Ferris noted that the Davenport Diocese also provides referrals for a variety of services diocesan residents may need from satellite offices of Catholic Charities in the Archdiocese of Dubuque and Diocese of Des Moines. Referrals do not address all needs within the 22-county Davenport Diocese. “But they do speak to our need to be creative and work collaboratively with other agencies in these difficult economic times.”

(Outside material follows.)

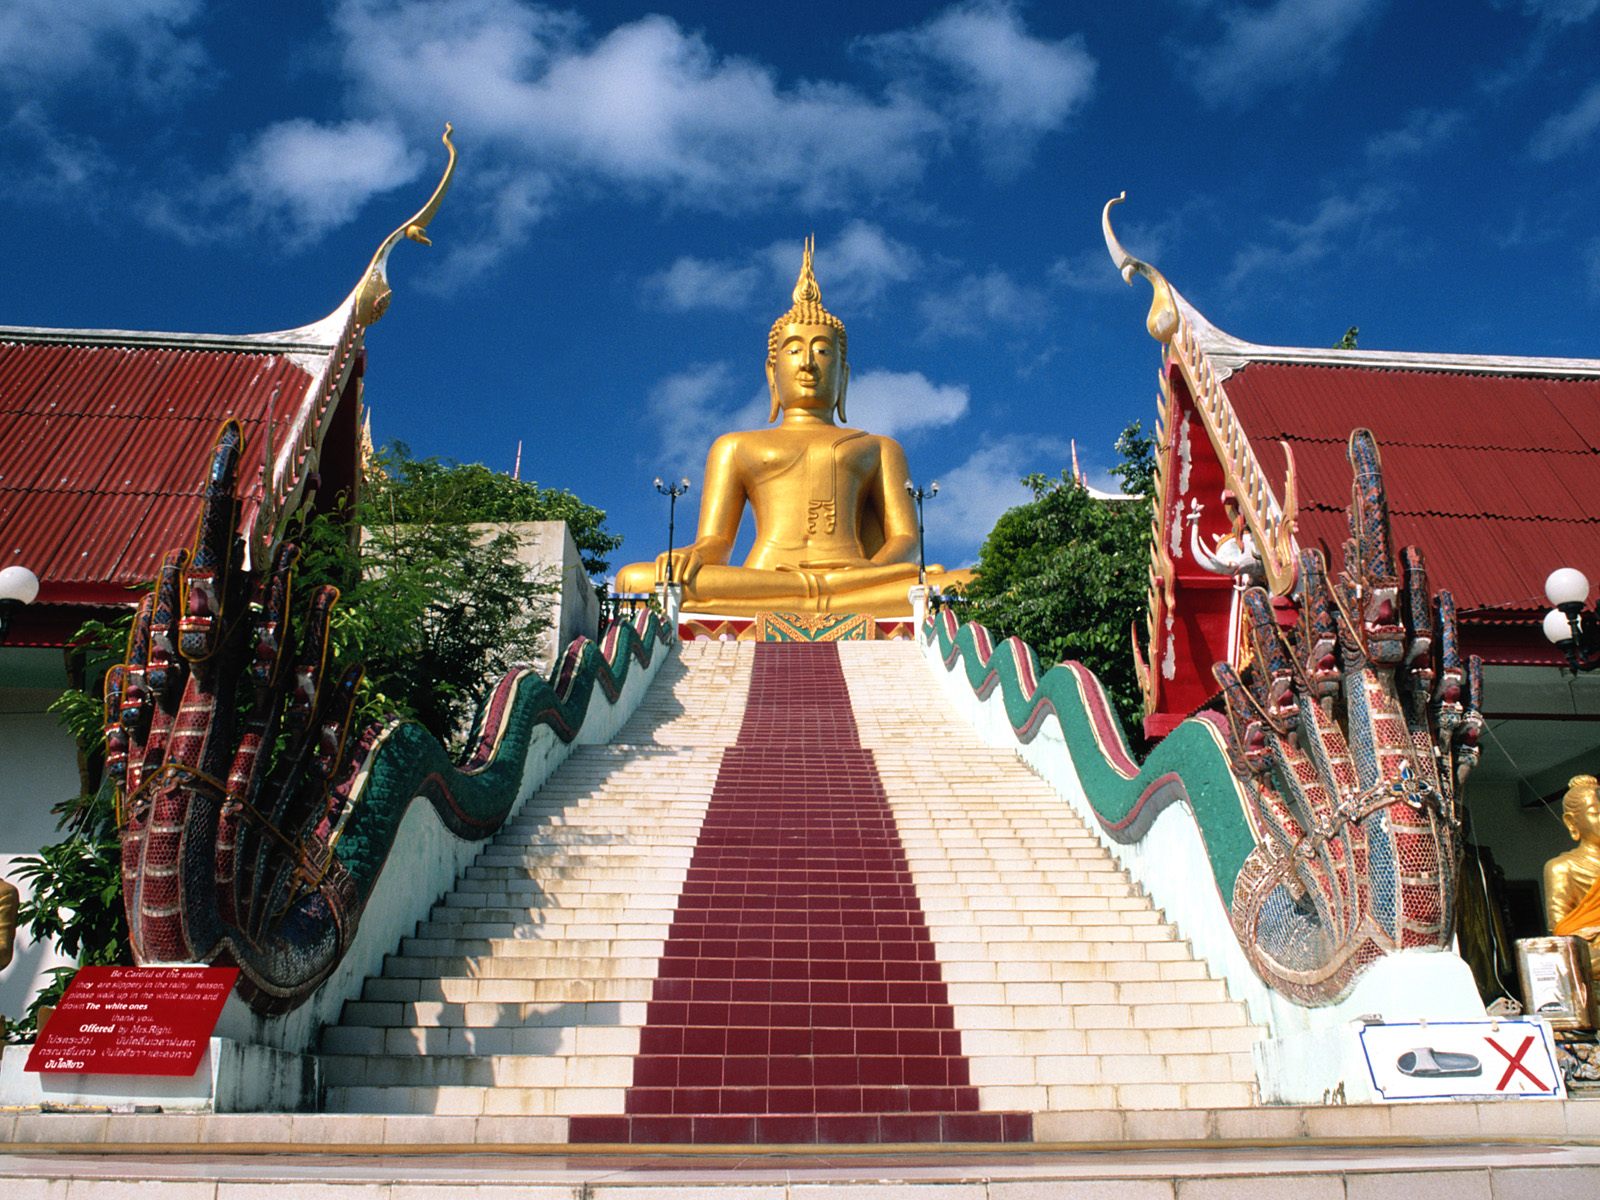 The Big Buddha Koh Samui Samui Island Thailand6575713135 - The Big Buddha Koh Samui Samui Island Thailand - Thailand, Samui, Island, Buddha
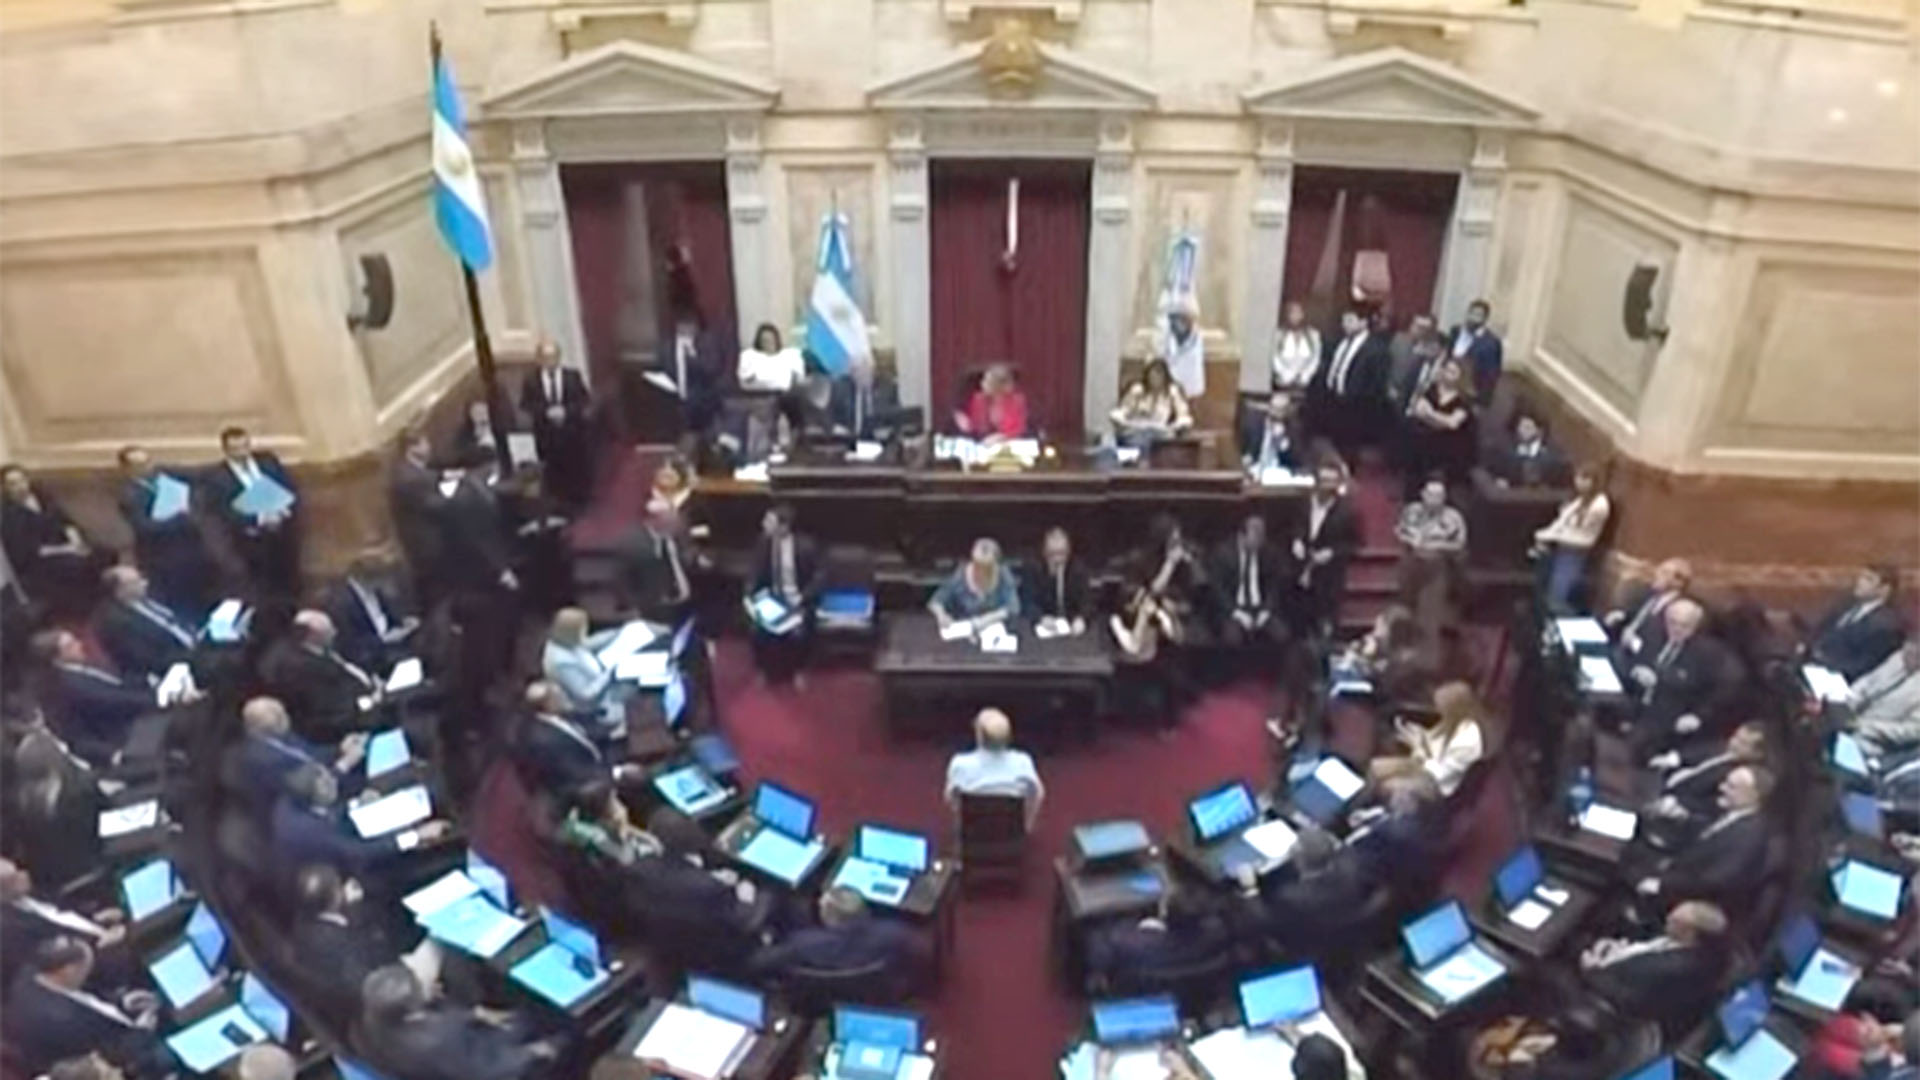 Sesión en el Senado: sin la presencia de Cristina Kirchner, el oficialismo y la oposición debaten en el recinto luego de cuatro meses de parálisis

• In the area of parish health/parish nurse services, nurses employed by parishes within the Davenport Diocese met once, along with their parish priests. Goals for the upcoming year include quarterly meetings, peer support and presentation of topics of interest to supplement information nurses receive via professional development. “The parish nurses already in place can be of great assistance to Catholic Charities in identifying the needs and information important to share within the diocese,” Ferris said. Cathy Thennes, parish nurse at Our Lady of Lourdes Parish in Bettendorf, said she likes the idea of ongoing education for the parish nurses. “When we first started it was focusing on the nursing and medical side. Now we’re focusing on the spiritual side. We are always looking for resources.”

• Jail/prison ministry is an area that Catholic Charities is learning about from dedicated lay people and clergy involved in that ministry. In at least six locations across the diocese, Bible studies or Communion visits occur for the benefit of inmates in jails and prisons. Six lunch meetings were held within the past year to support those involved in jail/prison ministry. Along with updates, clergy and lay learned from guest speakers about many facets of that ministry.

The reintroduction of Catholic Charities “was done very simply and modestly,” Ferris said. It does not have a separate corporate structure, board of directors, by-laws or additional staffing.

“There is indeed a need for a uniquely Catholic service presence in the Diocese of Davenport. Those needs can be met with the services in place and the thoughtful expansion in other areas where no other comparable service is being offered.”